When asked about the potential value in the export sector amid ongoing trade uncertainties, Bhandarkar emphasized the importance of careful selection.”I would just say that you have to be very selective because we see that companies are faced with challenges and when they are faced with challenges, they end up looking for solutions. One of the things that we have seen especially in textiles is that a lot of companies are trying to broaden their market. If they were dependent on a particular geographic region, they are trying to base it broadly and move into other regions, that is one way,” he said.
He also mentioned the pharmaceutical and IT sectors as sectors positioned to benefit from current trends. “There are certain sectors, like pharmaceuticals, where we still have some core competency and I think that also benefits what’s happening now. And if we go back to your earlier question, IT companies themselves will evolve. Look, they’re very well-run companies with strong cash flows. Ultimately, what’s happening with AI today will end up being customers who need more AI-based solutions, and they’ll be customized for each organization or for each use case. So there’s a play. Yes, because for a short-term investor it is a bit of a challenge, but for a long-term investor I think things will be much better.”

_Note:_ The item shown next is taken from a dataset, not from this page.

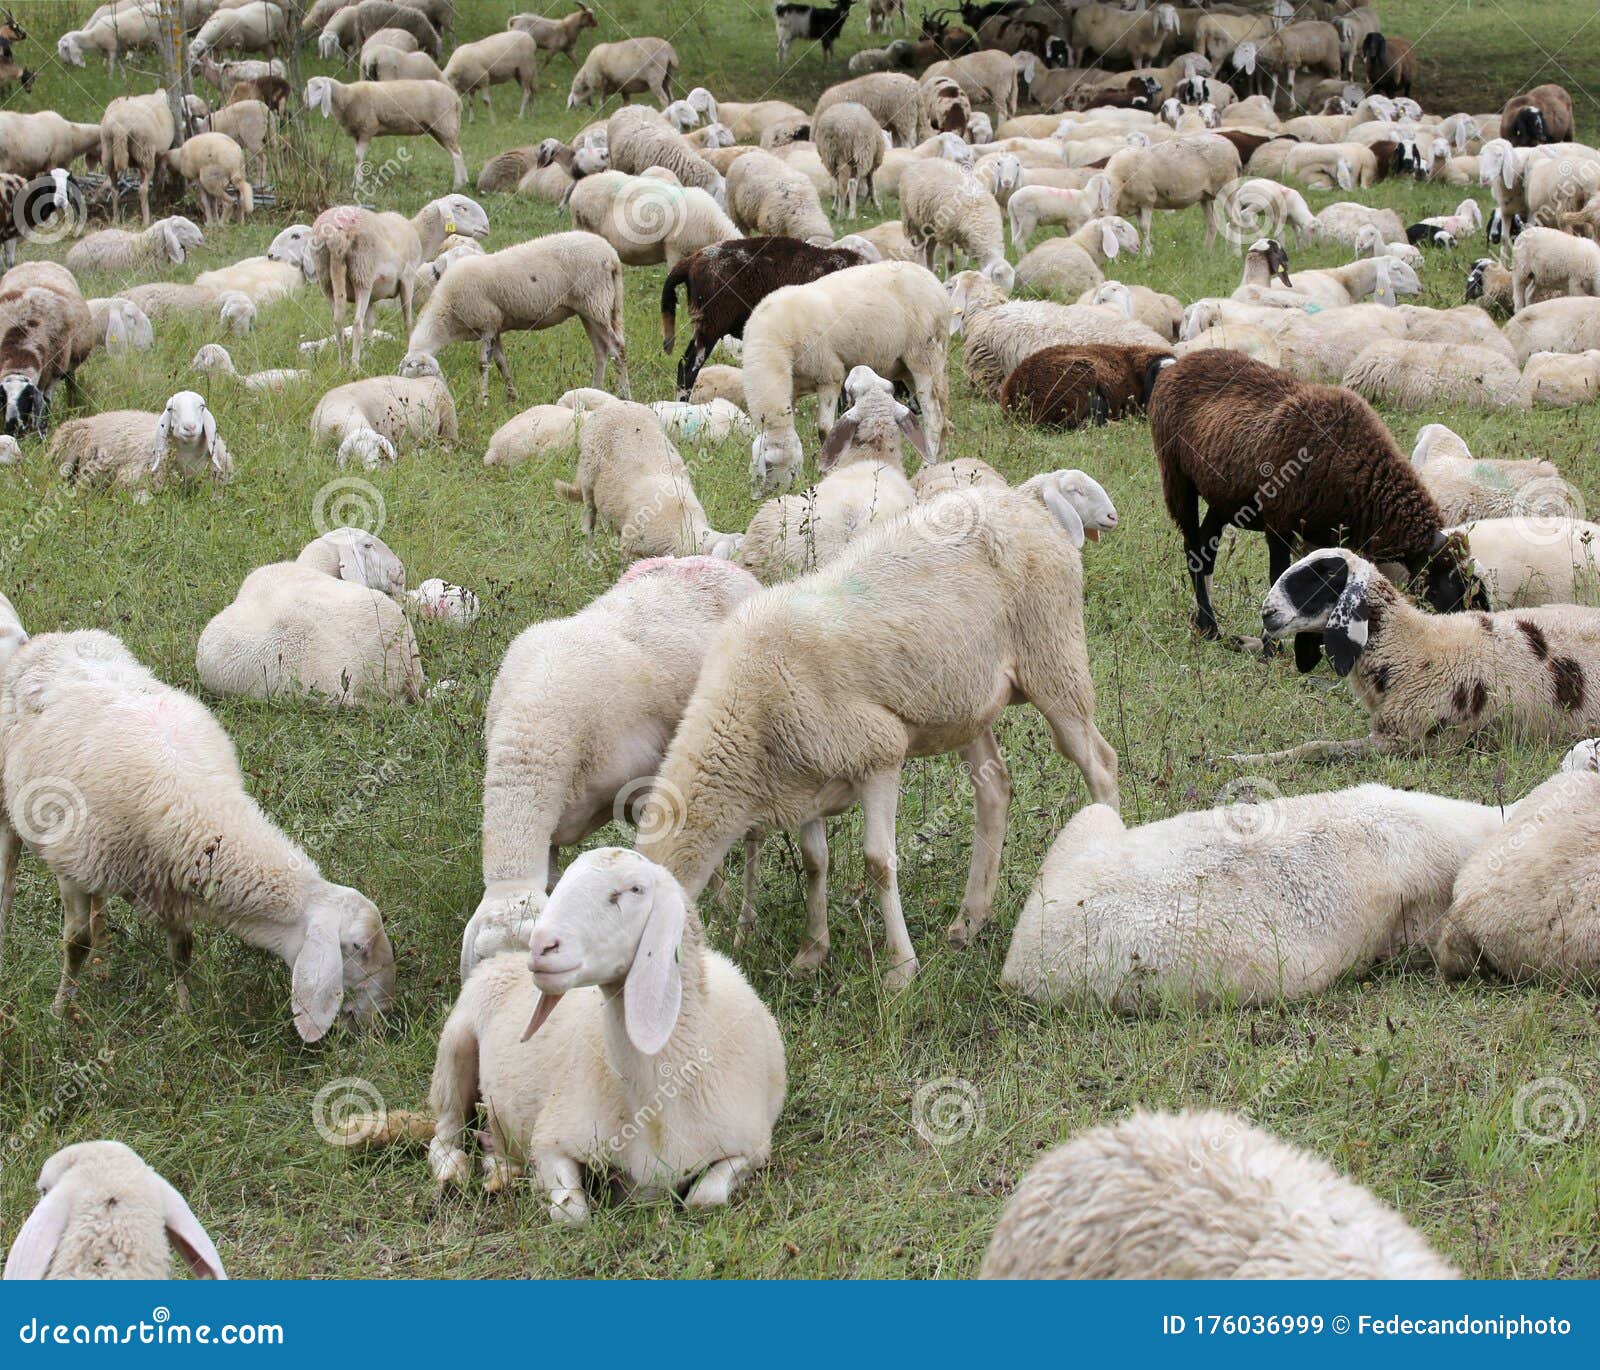 Large Flock Of Sheep And Goats Grazing In The Mountains Stock Image - Image of goats, grazing: 176036999

Financial sector: credit growth and selective opportunities
On the financial services front, Bhandarkar noted that credit growth has started to pick up, providing a strong start to growth, especially for private sector banks. “We have also seen that the overconfidence of the regulators on unsecured credits, etc. has now subsided a bit. So in that sense, the growth take-off for the private banks is quite strong,” he noted. He also identified opportunities in PSU banks, especially given the potential return of capital investment from the private sector. “That also puts the PSU banks in a very strong position. I think what we have to recognize here is that barring a few exceptions here and there, the asset quality as a sector has generally been impeccable. And what we are starting to see now is that the segments that tend to be very volatile and most affected by economic downturns, etc., namely the microfinance or the small finance banks, even there there seems to be a ray of hope in terms of a bottom coming through. So on the whole, The Valuations are not very expensive right now from a historical perspective. There are opportunities and, as I said, we prefer to take a ‘basket’ approach here and play risk-reward depending on how we see the growth elements playing out in each of the names we have.” Midcaps and smallcaps: signs of profit recovery
On midcap and smallcap valuations, Bhandarkar highlighted a gradual recovery after a long period of underperformance. “The current market rally or even the move over the last few months has been very narrow and we have seen the broader indices not following as well. If I’m not mistaken, the smallcap index is performing close to 12% or a little bit more than the Nifty. Of course, there were probably good reasons for that. Valuations at some point in the middle of last year were quite high and profits have more or less collapsed last year.”
He added that recent quarterly results show a promising turnaround. “This quarter, the quarter that passed and ended on November 15, now after seven quarters, we see the Nifty 500 seeing earnings growth of over 15% year-on-year, and also on a year-on-year basis, we see smallcaps and midcaps leading the growth rates. If I’m right, the midcaps and smallcaps within the BSE 500 have grown at least 27% year-on-year and the largecaps have grown 12%. So, There seems to be some recovery here and I think small caps have taken the lead again after five quarters in a row.”
He stressed that holiday demand, which is not yet fully reflected in figures, could further strengthen the outlook. “Clearly our assessment is that the past holiday season was one of the best in the last five years and that is what we are hearing from the companies we work with. Clearly we should look for a strong earnings performance to continue into next year.”